In a master-minion setup, all of these components except the Grains would be hosted on and made available to the minions by the salt-master (other backends are also supported).

We are planning to run Salt in masterless mode however, meaning that we will need a way to transfer any States, Pillars, and related files from our local environment to the minion. Git? Good idea. We will write all Salt code locally, push it to a Git repository, and then have it checked out onto each minion at boot time.

As for choosing a Git hosting solution, Github or Bitbucket are excellent services, but giving our minion EC2 nodes access to these will involve some key handling. In comparison, CodeCommit (the AWS Git solution) offers a much smoother integration with EC2 instances via IAM Roles.

Let us start by creating a new IAM user and a CodeCommit Git repository.
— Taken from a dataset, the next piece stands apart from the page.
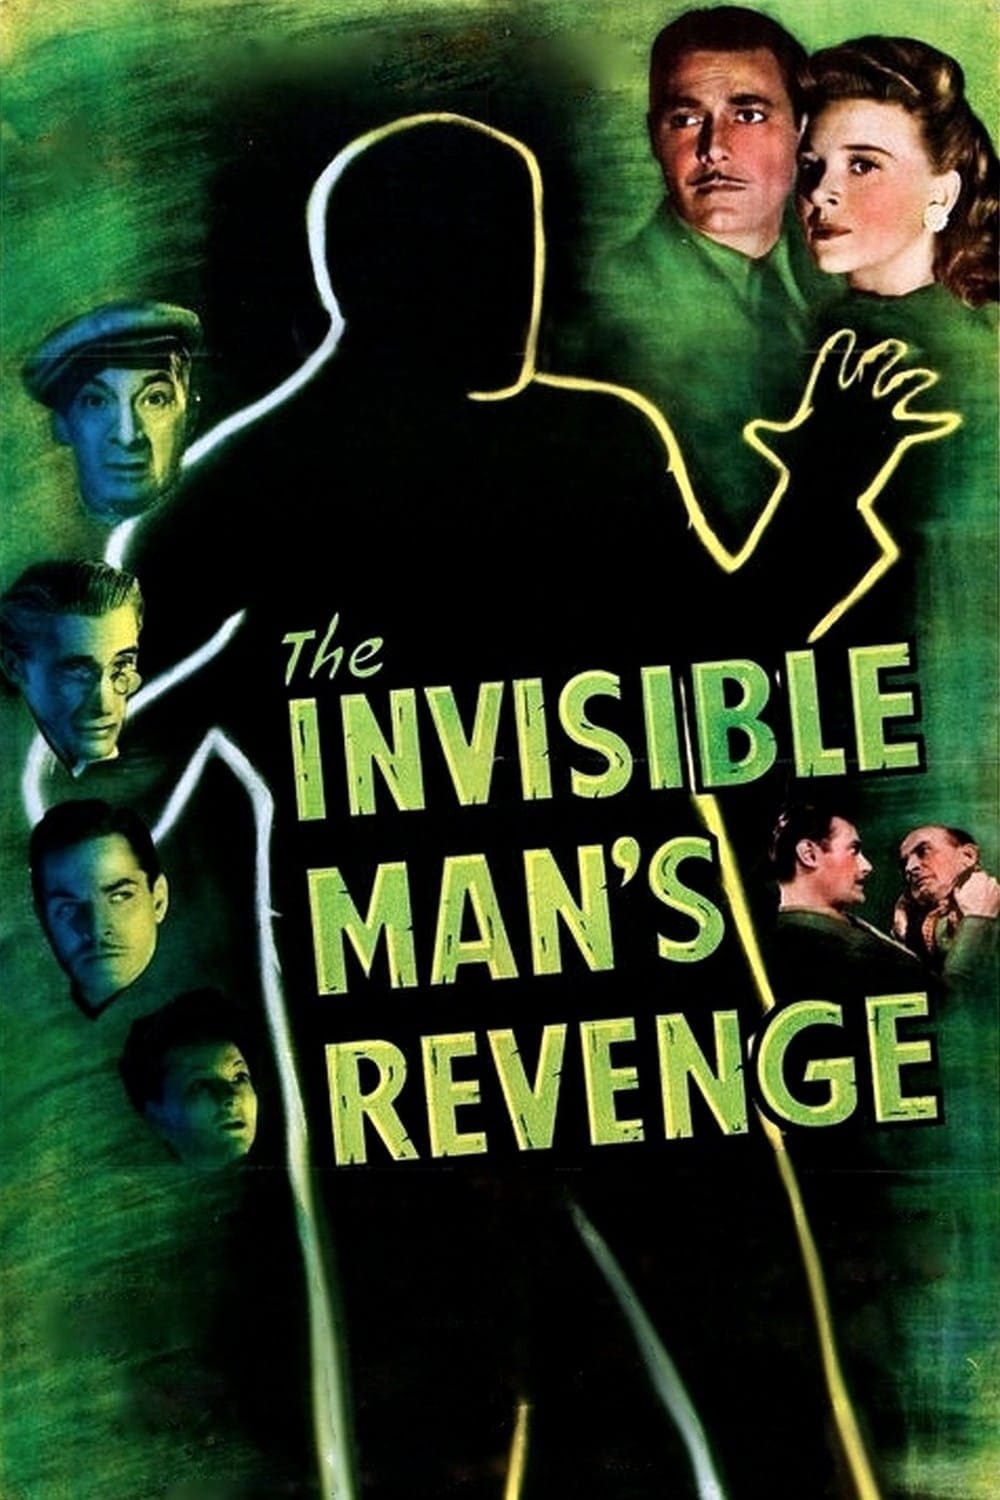 La Vengeance de l'homme invisible
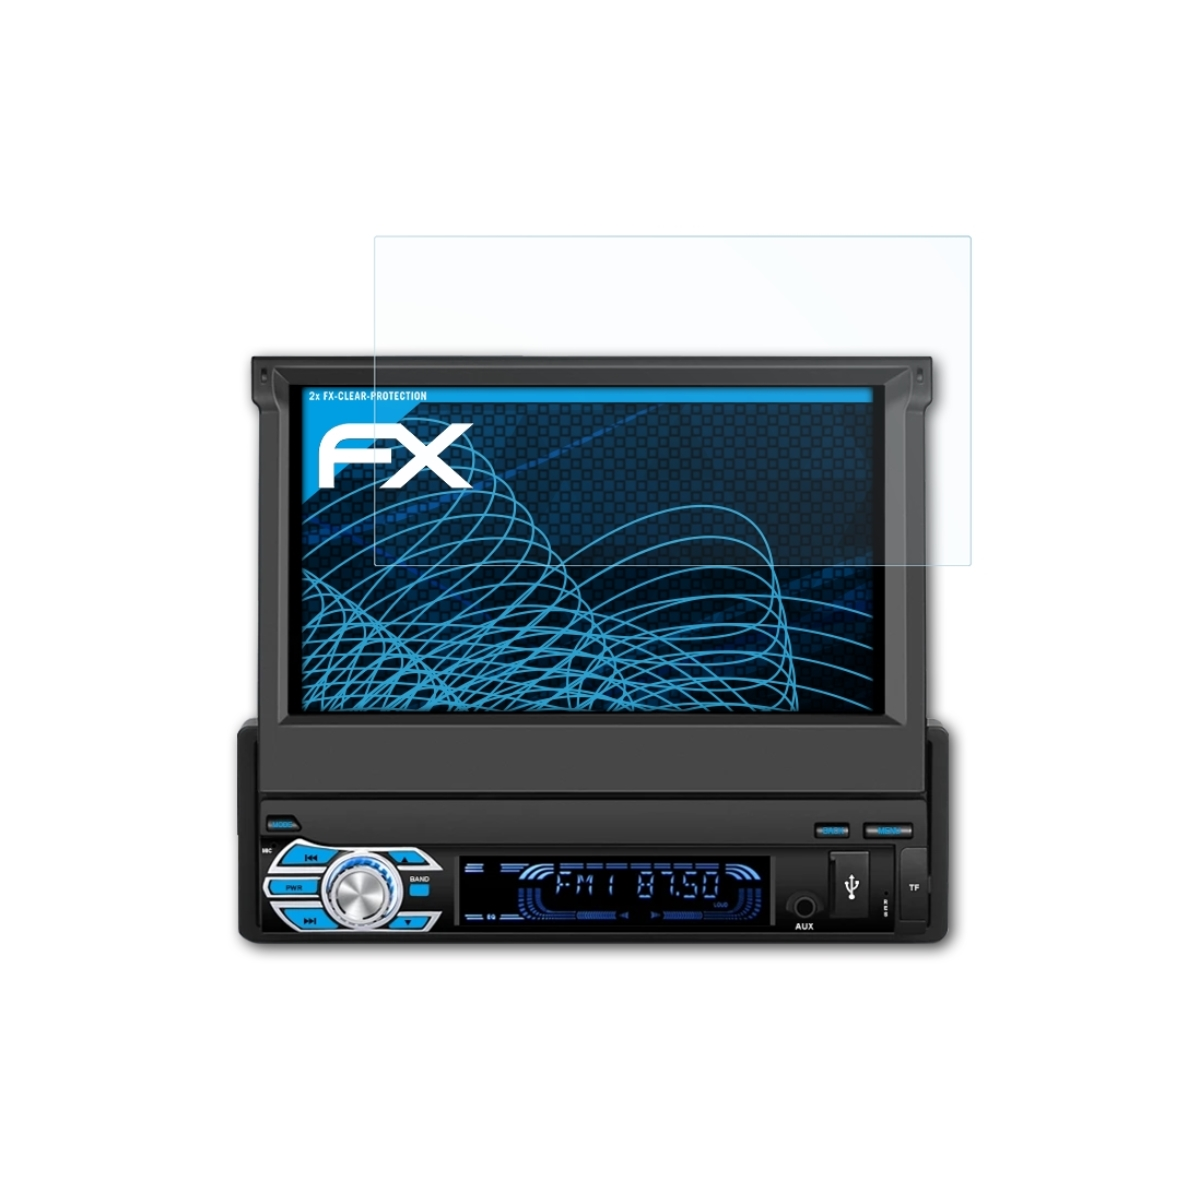 ATFOLIX 2x FX-Clear Displayschutz(für Inch)) AA0553B (7 Pumpkin

We will be using the user's access keys to create the repository and a SSH key to clone and work with it:

  1. In the AWS Console, create an IAM user (write down the generated access keys) and attach the AWSCodeCommitFullAccess built-in / Managed IAM policy to it as shown in the following screenshot:

    Preparation

  2. On the same page, switch to the Security Credentials tab and click on the Upload SSH public key as shown in the following screenshot:

    Preparation

  3. Configure awscli:
    $ export AWS_ACCESS_KEY_ID='AKIAHNPFB9EXAMPLEKEY'
    $ export AWS_SECRET_ACCESS_KEY=
         'rLdrfHJvfJUHY/B7GRFTY/VYSRwezaEXAMPLEKEY'
    $ export AWS_DEFAULT_REGION='us-east-1'
    
  4. Create a repository:
    $ aws codecommit create-repository --repository-name salt 
          --repository-description "SaltStack repo"
    {
    "repositoryMetadata": {
    "repositoryName": "salt",
    "cloneUrlSsh": "ssh://git-codecommit.us-
         east-1.amazonaws.com/v1/repos/salt",
    "lastModifiedDate": 1465728037.589,
    "repositoryDescription": "SaltStack repo",
    "cloneUrlHttp": 
        "https://git-codecommit.us-east-1.amazonaws.com/v1/repos/salt",
    "creationDate": 1465728037.589,
    "repositoryId": "d0628373-d9a8-44ab-942a-xxxxxx",
    "Arn": "arn:aws:codecommit:us-east-1:xxxxxx:salt",
    "accountId": "xxxxxx"
    }
    }
    
  5. Clone the new repository locally:
    $ git clone ssh://[email protected]
         east-1.amazonaws.com/v1/repos/salt
    Cloning into 'salt'...
    warning: You appear to have cloned an empty repository.
    Checking connectivity... done.
    

Here, SSH_KEY_ID is the one we saw after uploading a public key in step 2.

Note

For more options on connecting to CodeCommit see http://docs.aws.amazon.com/codecommit/latest/userguide/setting-up.html

We are ready to start populating our empty, new Salt repository.